Directions for this task: With pictures excluded, repeat exactly the lines from the one containing "Saint Helena Island" through the last line of the material below.

Given information section start

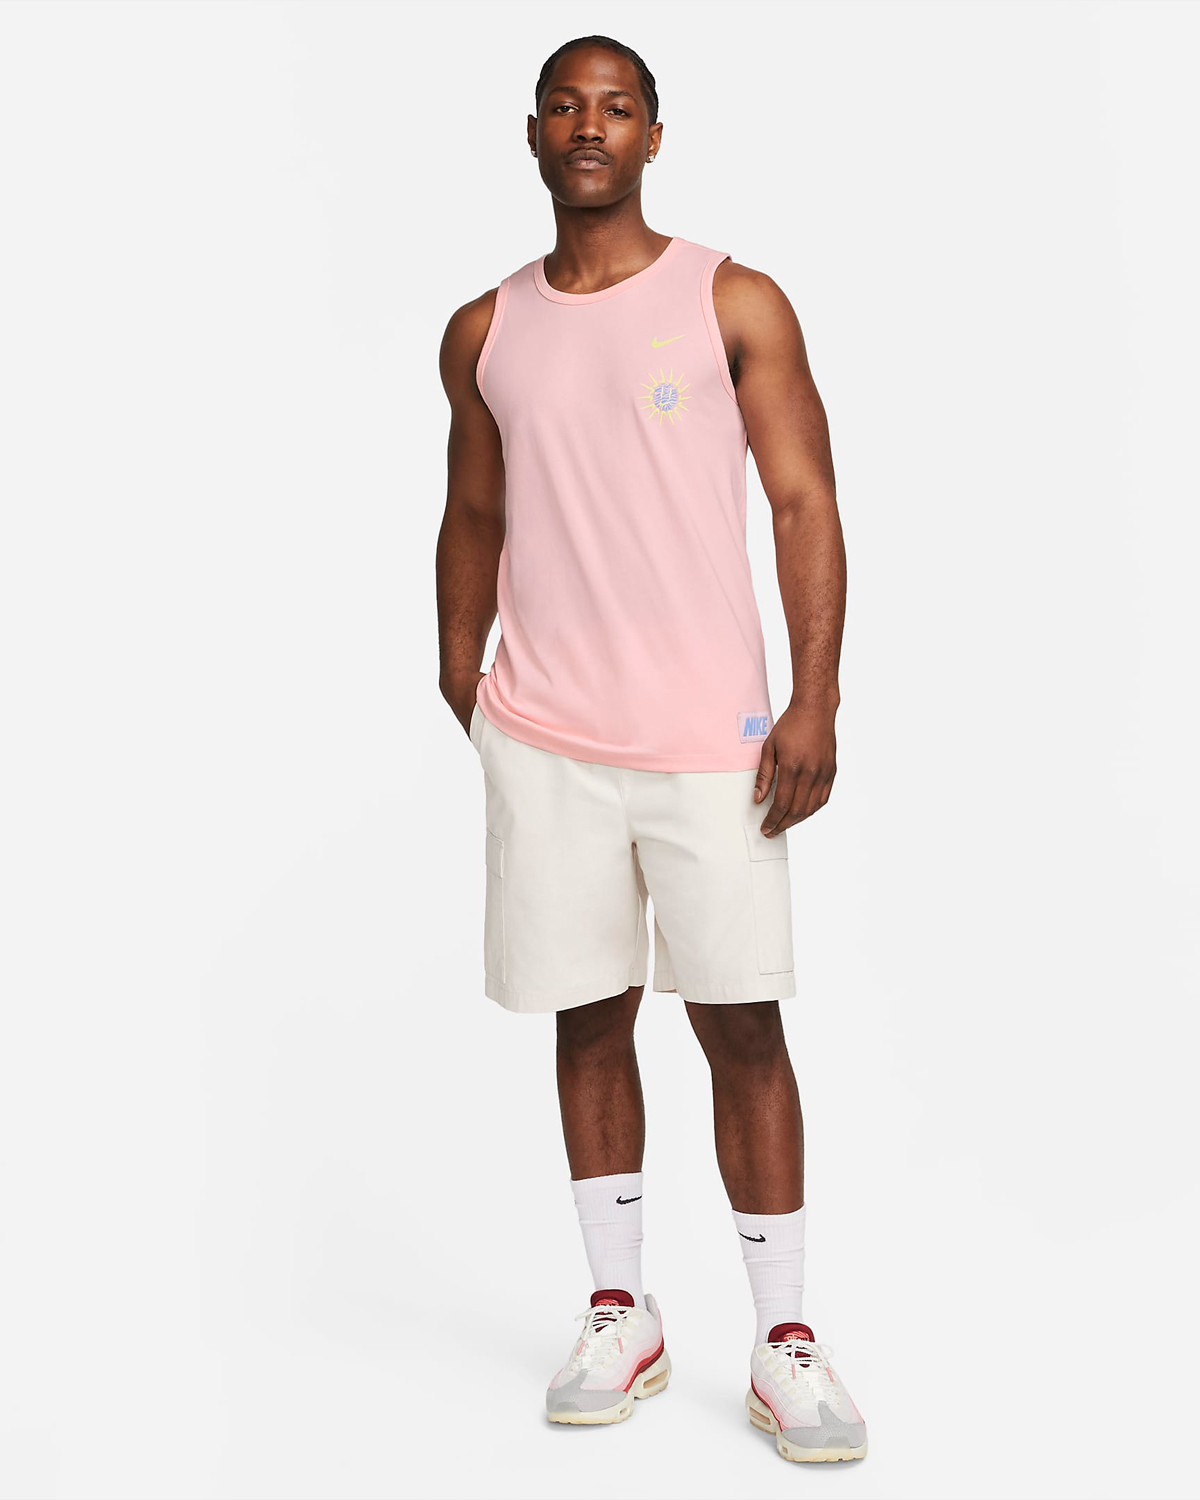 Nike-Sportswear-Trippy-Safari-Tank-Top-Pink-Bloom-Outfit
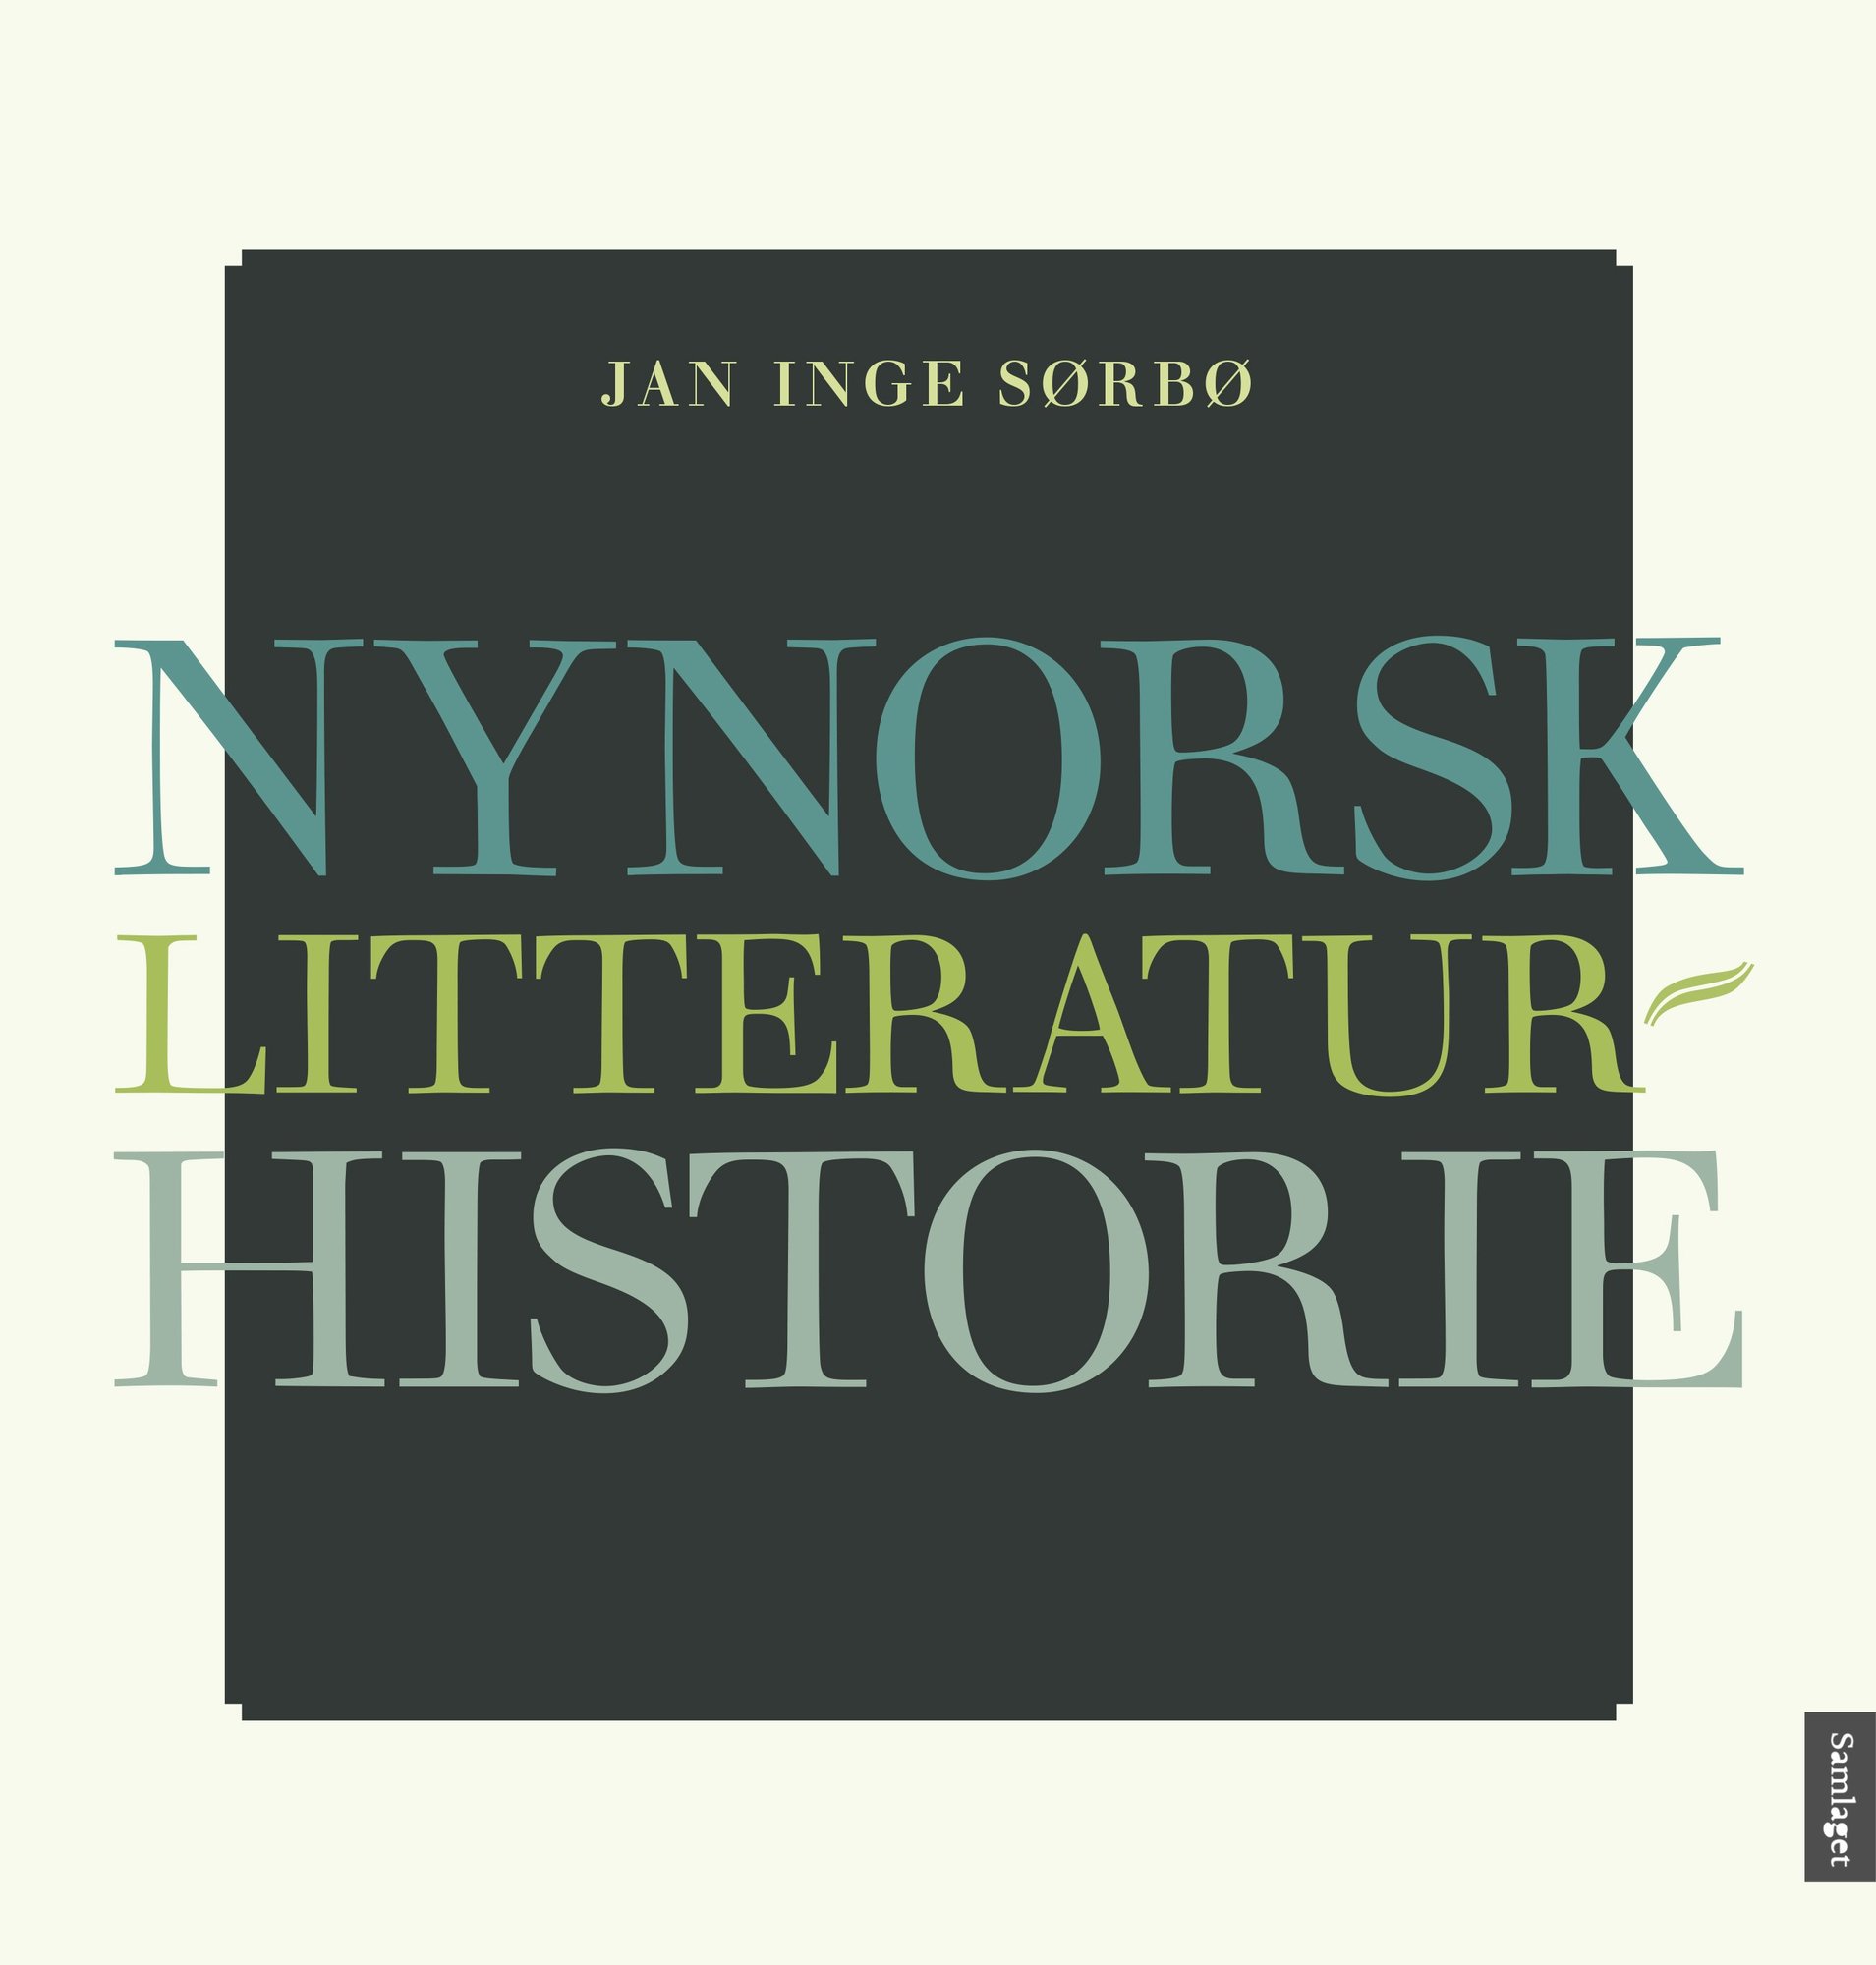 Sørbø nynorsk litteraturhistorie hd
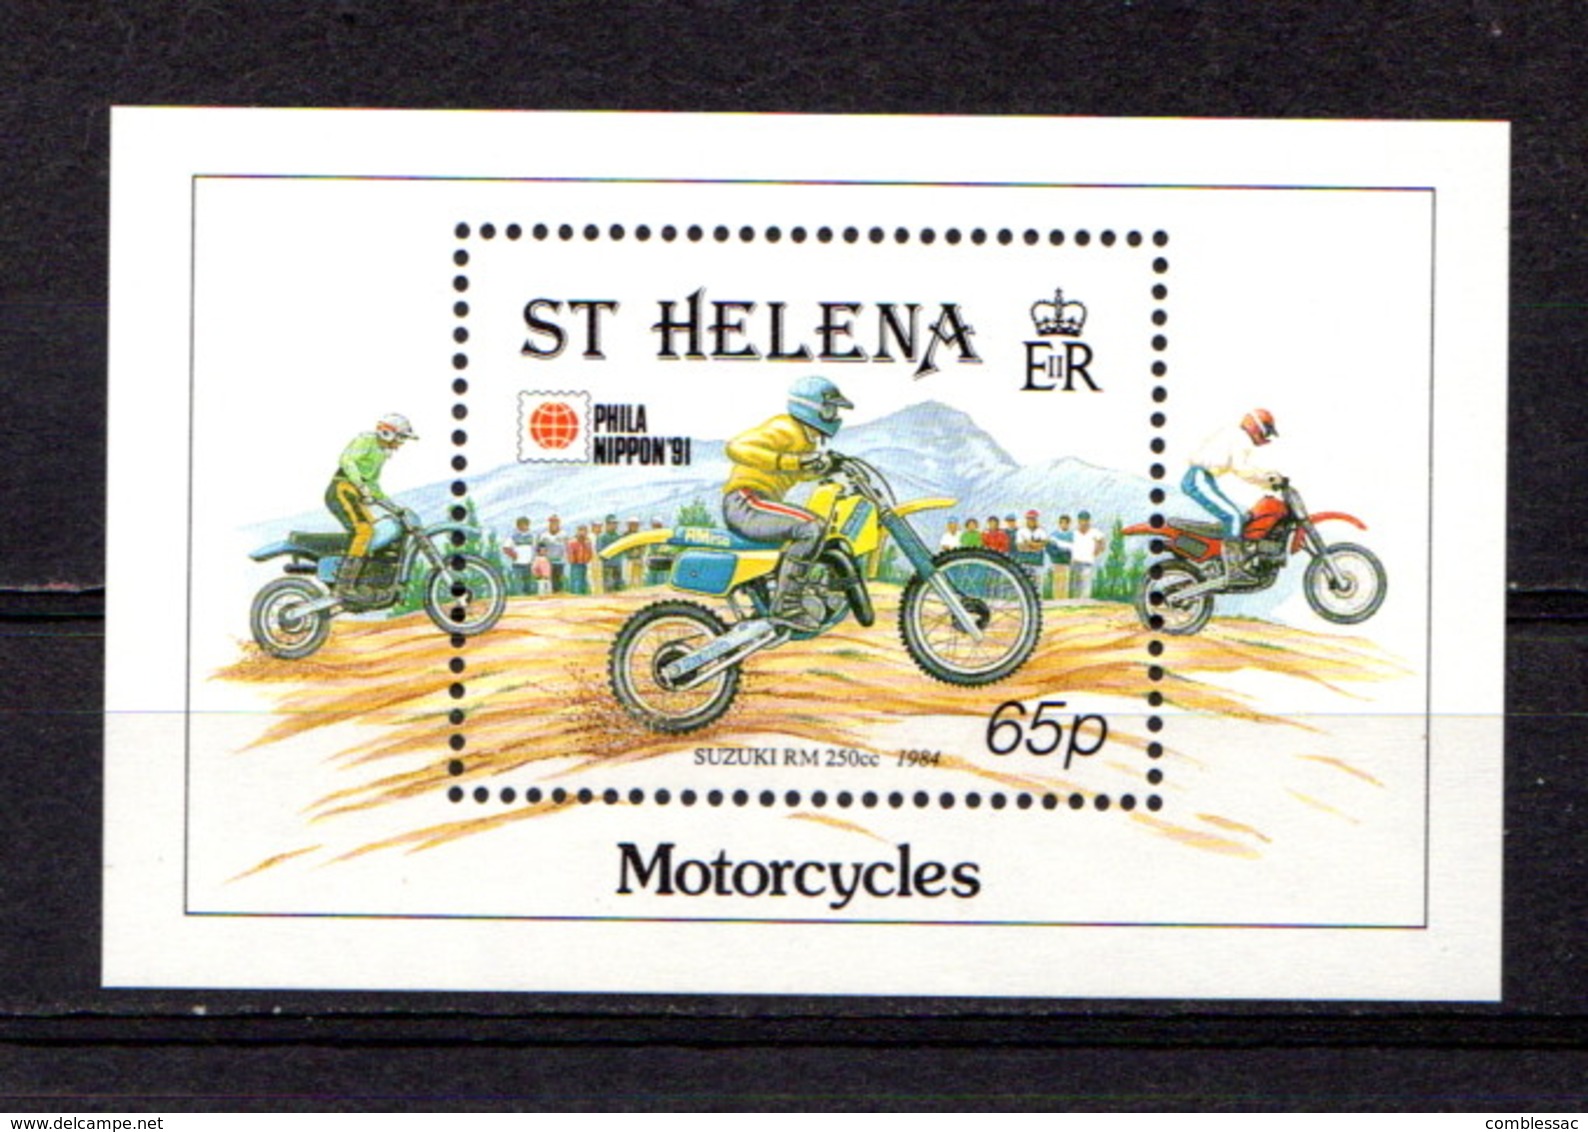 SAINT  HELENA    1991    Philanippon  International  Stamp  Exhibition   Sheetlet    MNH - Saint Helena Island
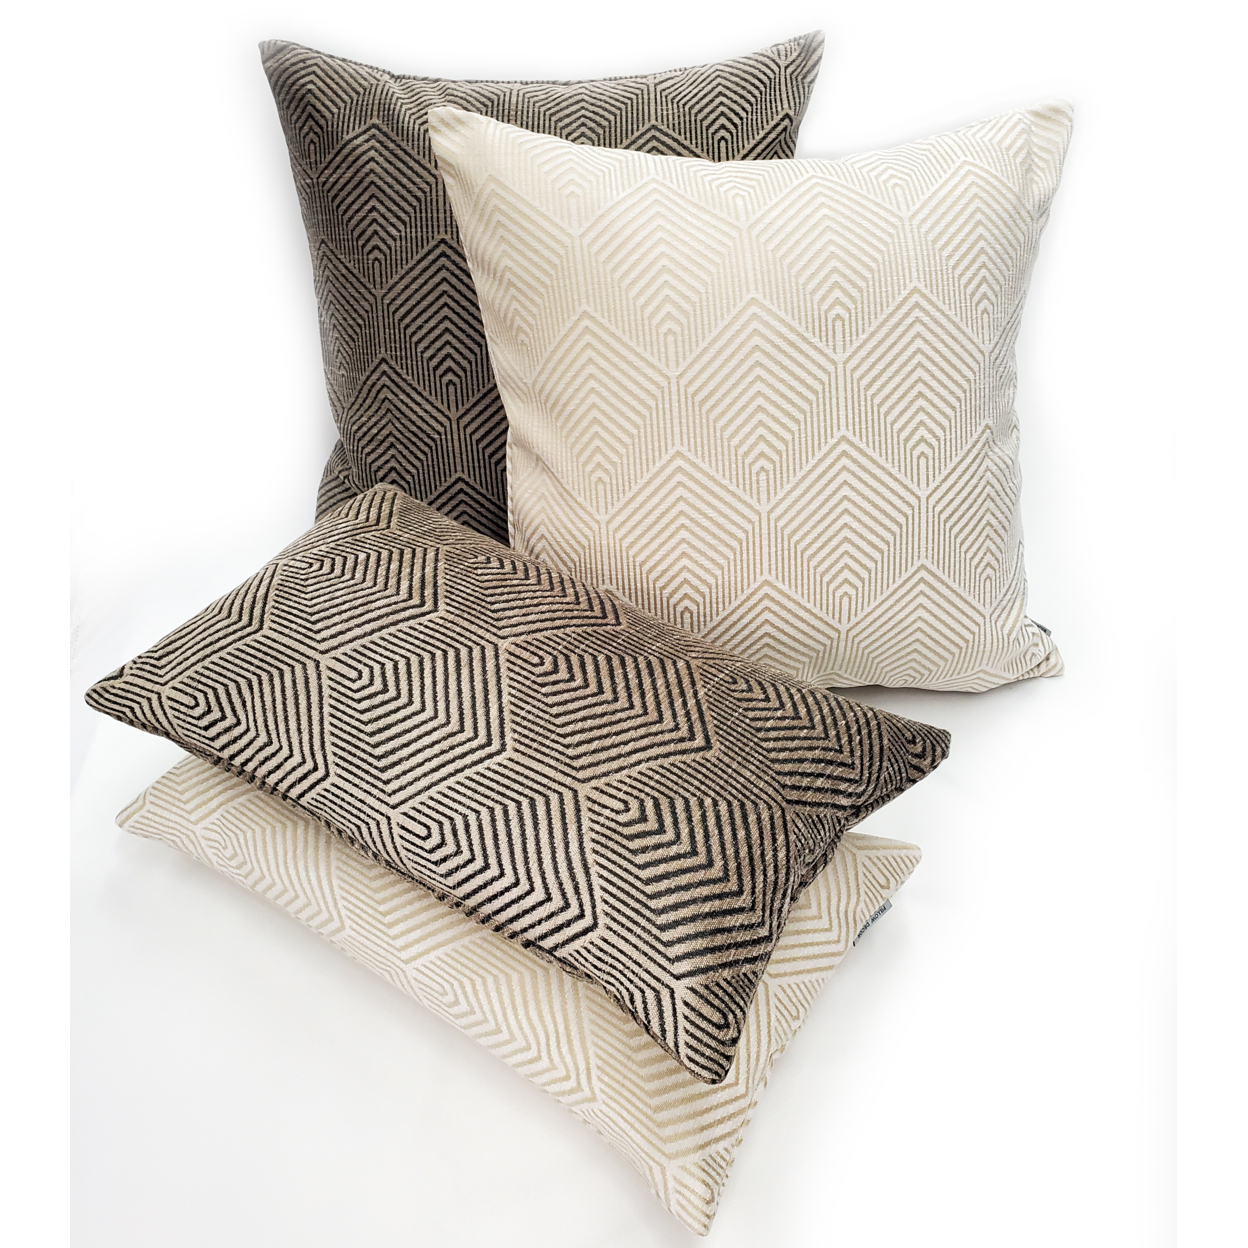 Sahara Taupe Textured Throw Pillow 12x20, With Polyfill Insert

Given information section end

The answer:
 SAINT  HELENA    1991    Philanippon  International  Stamp  Exhibition   Sheetlet    MNH - Saint Helena Island
 Sahara Taupe Textured Throw Pillow 12x20, With Polyfill Insert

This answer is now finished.